Named Entity Processing on Historical Newspapers


HIPE (Identifying Historical People, Places and other Entities) is a named entity processing evaluation campaign on historical newspapers in French, German and English, organized in the context of the impresso project and run as a CLEF 2020 Evaluation Lab.

Key information

(also visit various pages via the ‘hamburger’ menu on the top right)

Tasks: Named Entity Recognition and Classification and Named Entity Linking.

Results (update 12.06.2020): Now published! Learn more about the results of the 13 teams who participated and submitted more than 70 runs here. Approaches will be described in working note papers presented in Sept at the CLEF conference (online) and published via the CEUR-WS platform.

Covid19: Check the new HIPE calendar and the CLEF home page. The final conference will happen online at the same date.

Registration: until 26 April 2020.

Data: in this github repository.

Participation: the participation guidelines (v1.1) offer a detailed description of the tasks and provide instructions relative to participation.

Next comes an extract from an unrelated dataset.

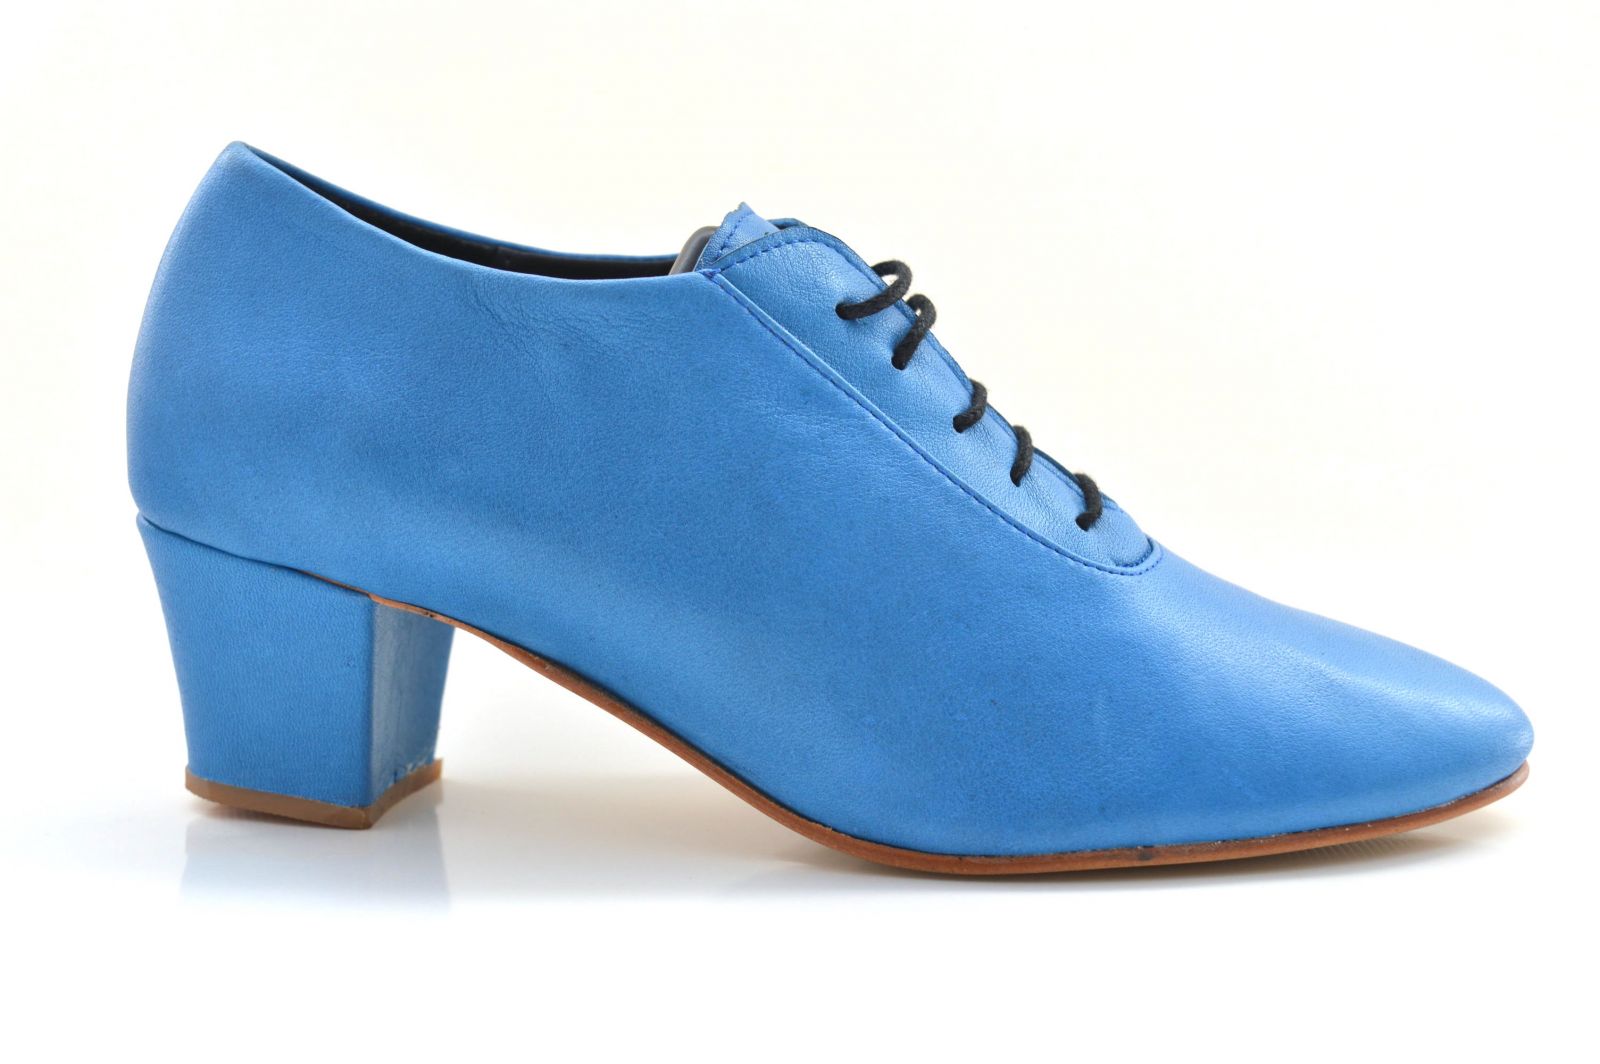 Women's Argentine Tango Shoe, oxford style, by very soft blue leather

  • For information about the metrics, visit the dedicated page or section 4 of the participation guidelines.

  • HIPE scorer available HERE.



Since its introduction some twenty years ago, named entity (NE) processing has become an essential component of virtually any text mining application and has undergone major changes. Recently, two main trends characterise its developments: the adoption of deep learning architectures, and the consideration of textual material originating from historical and cultural heritage collections. While the former opens up new opportunities, the latter introduces new challenges with heterogeneous, historical and noisy inputs. If NE processing tools are increasingly being used in the context of historical documents, performances are below the ones on contemporary data and are hardly comparable. In this context, the objective of HIPE is threefold:

  1. to strengthen the robustness of existing approaches on non-standard input;
  2. to enable performance comparison of NE processing on historical texts; and, in the long run,
  3. to foster efficient semantic indexing of historical documents in order to support scholarship on digital cultural heritage collections.